わたしは知っている、君の最期を。

「センパイ、センパイ!」

 うっ、うざい……。

「一緒に帰りましょうよ、ね、センパイ」

 まるで粘着力のある、ねっとりまとわりつくような猫なで声。

「ね、センパイ」

 黒髪の短髪で、ぼさぼさした、刺さったら痛そうなツンツンヘアーのやんちゃな男子生徒。

 多分、センパイって言ってるし、新入生のお祝いバッジ付けてるし、絶対一年生だよな……。

「センパイ♪」という聞き飽きた無邪気な甘ったるい声。まだ聞こえるよ……。

 何か言った方がいいのかな? 私が見たこの先の未来もある。できれば関わりたくないんだけど……。

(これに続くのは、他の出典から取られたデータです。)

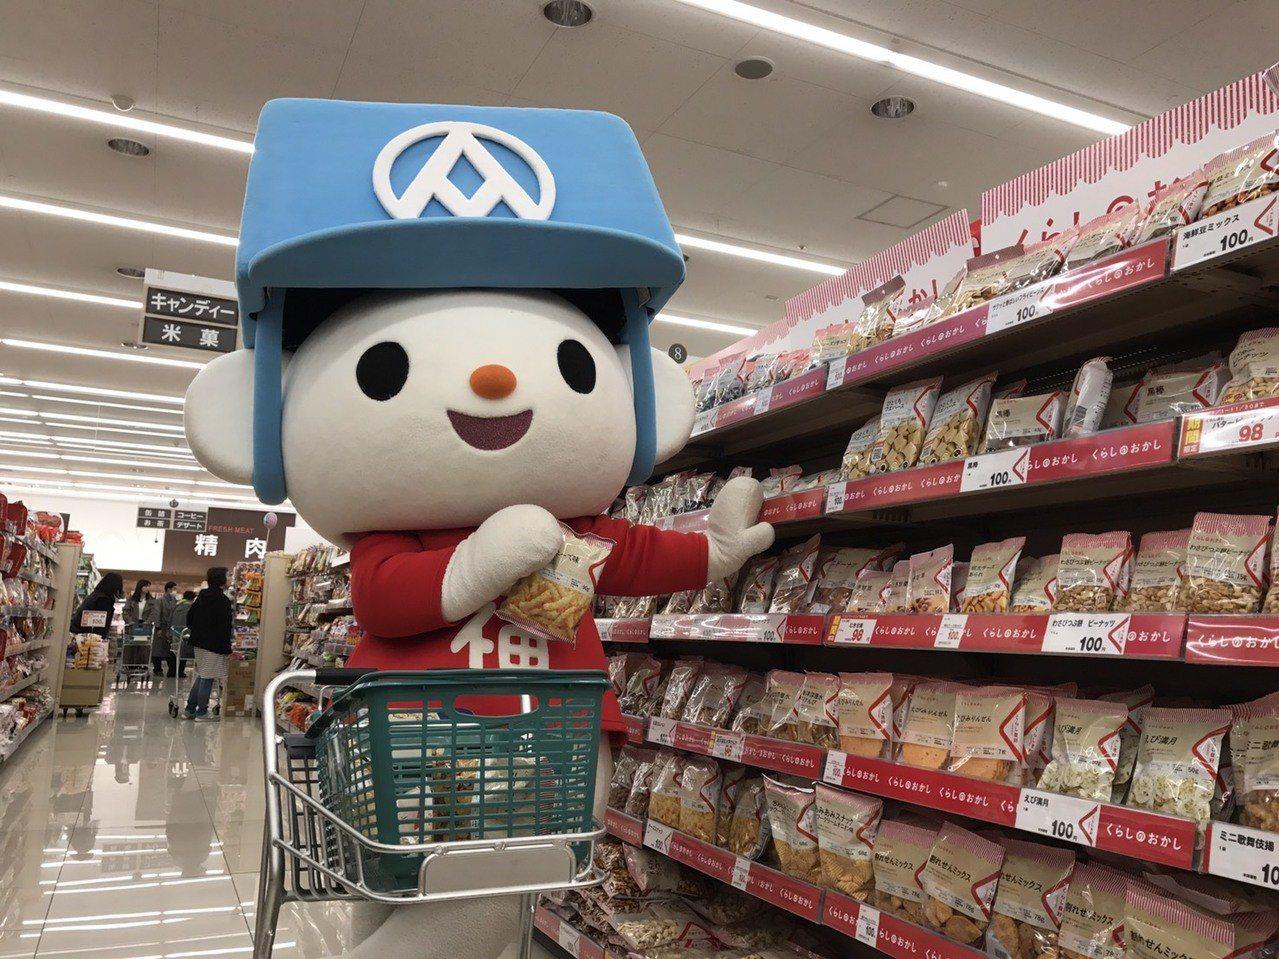 全聯福利熊前進日本逛超市,看到熊本縣小國町的FREIN超市貨架上,有滿滿的「生活...

「センパイに話しかけてから、全然センパイの声聞いてないですよ? その可愛い声を聞かせてくださいよ」

 ……ぐぐっ、しつこい。そして、気持ち悪い。どうにか遠ざけたい。何か言わなければ。

「あっセンパイ、ちょっといいですか?」

 私の手を掴み、ぐっと、でも優しく静止させてきた。彼が私の頭に手を伸ばしてきた。

 何……!?
 彼の向かってくる手は、その小さな背丈らしく華奢な手のはずなのに、どこか恐ろしい。

 それはきっと知らない人の手だからだろう。
 私は、まだこの子が怖い。

「や、やめて!」

 パシッと手を振り払う。
 何かしら彼の反応があると思った。でも、たた静かで、周りの学校生徒の談笑が聞こえるだけ。
 
 思わず目を瞑る。
 ……けれど、怒鳴り声も衝撃も来ない。ただ、間の抜けた静寂があるだけ。
 恐る恐る、そっと瞼を開ける。

「おっ、ちゃんとホコリ取れた! すごいでかいホコリだ!」

 ……へ?

 無邪気にきゃっきゃ喜ぶ彼は、どこか子供っぽくて。女の子に恋をする一人の男の子に見えた。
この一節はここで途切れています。